Clarification on Precision Error Bars in POPE Experiments

Open lowestbuaaer opened this issue 1 year ago • 1 comments

I noticed that the precision error bars seem significantly large in the POPE experiments in your paper. Could you provide some insight into why the error bars are so pronounced? Thank you for your clarification, and I appreciate your work. @BillChan226

Oct 07 '24 13:10 lowestbuaaer

Hi, thanks for your interest in HALC, and we really appreciate this insightful question!

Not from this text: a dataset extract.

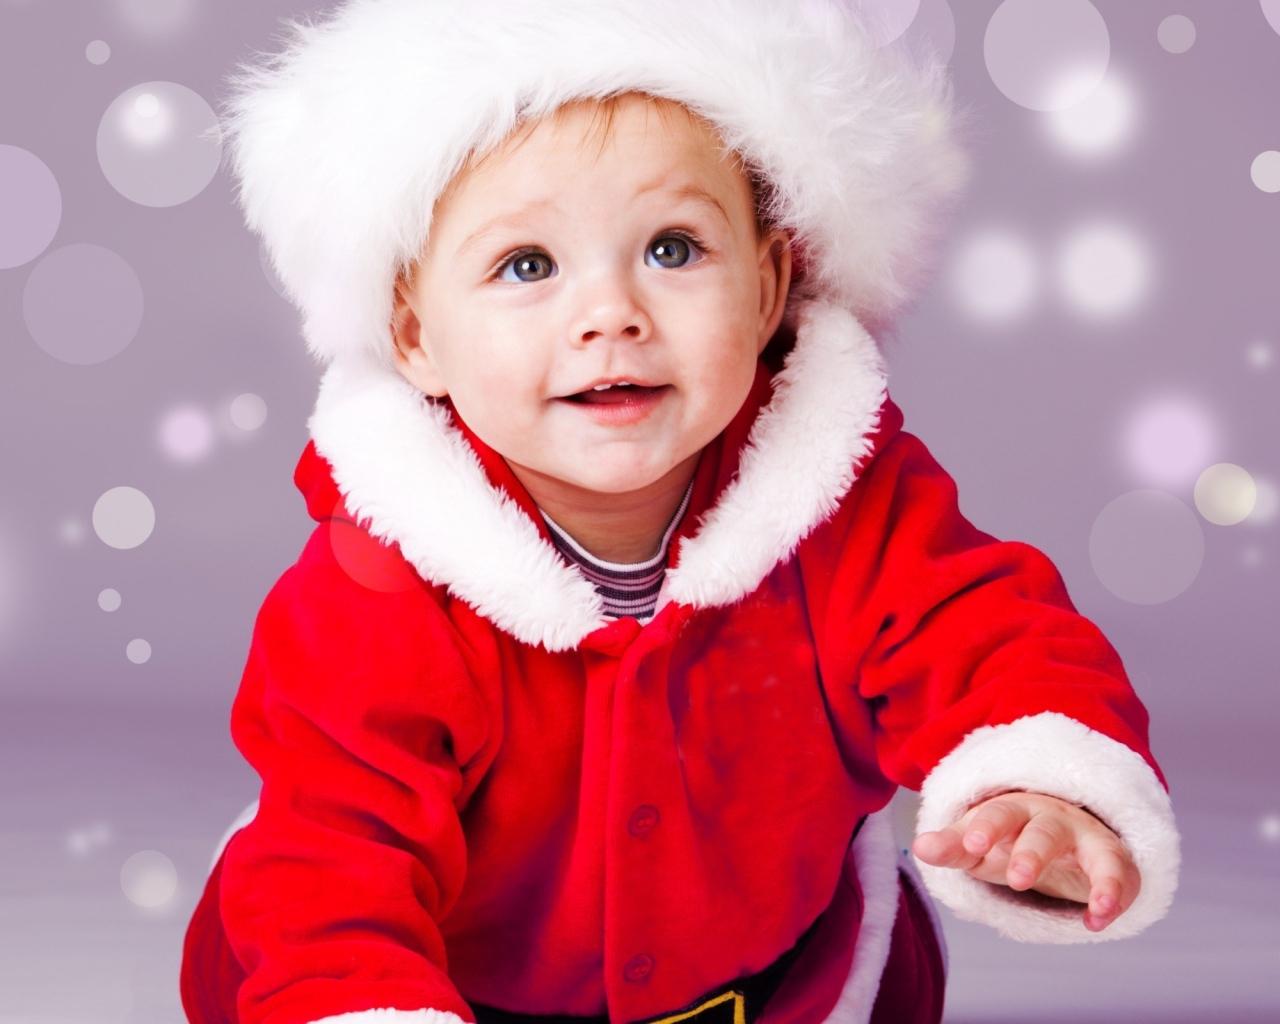 child_face_hat_smile_snow_93213_1280x1024

First, we would like to point out the results in table.2 is the OPOPE (offline POPE) benchmark (instead of the original POPE) that we propose to complement the two limitations of CHAIR and POPE which (1) fail to evaluate the false negatives (CHAIR) (2) reasoning-required or post-correction based method cannot correct from simply answering yes or no (POPE).

However, we would like to point out that OPOPE benchmark has its own issues such as large error bars as you mentioned. While HALC demonstrates a seemingly large deviation, all the other methods demonstrate even larger deviations. Thus instead of attributing it to a mere improvement of HALC, we authors believe this originates from the OPOPE benchmark itself, since rather than being a simple VQA task like POPE which directly queries the targeted object, OPOPE caters specifically to the post-correction decoding methods (e.g. LURE, Woodpecker, HALC) by evaluating the generated caption in an offline, untargeted mannner. And due to this untargeted nature of OPOPE, the false positive and false negative statistics could be somehow unstable (e.g. OPOPE will count an object as hallucination if it is not included in the grountruth object lists given by COCO (which is only a subset of the objects that actually exist in the image), potentially contributing to large error bars). , thus resulting in a large deviation in the precision. Again, while this phenomenon is consistent across all decoding methods, HALC outperforms the other methods with the smallest deviation for both accuracy and precision, which demonstrates its robustness and effectiveness.

Oct 08 '24 06:10 BillChan226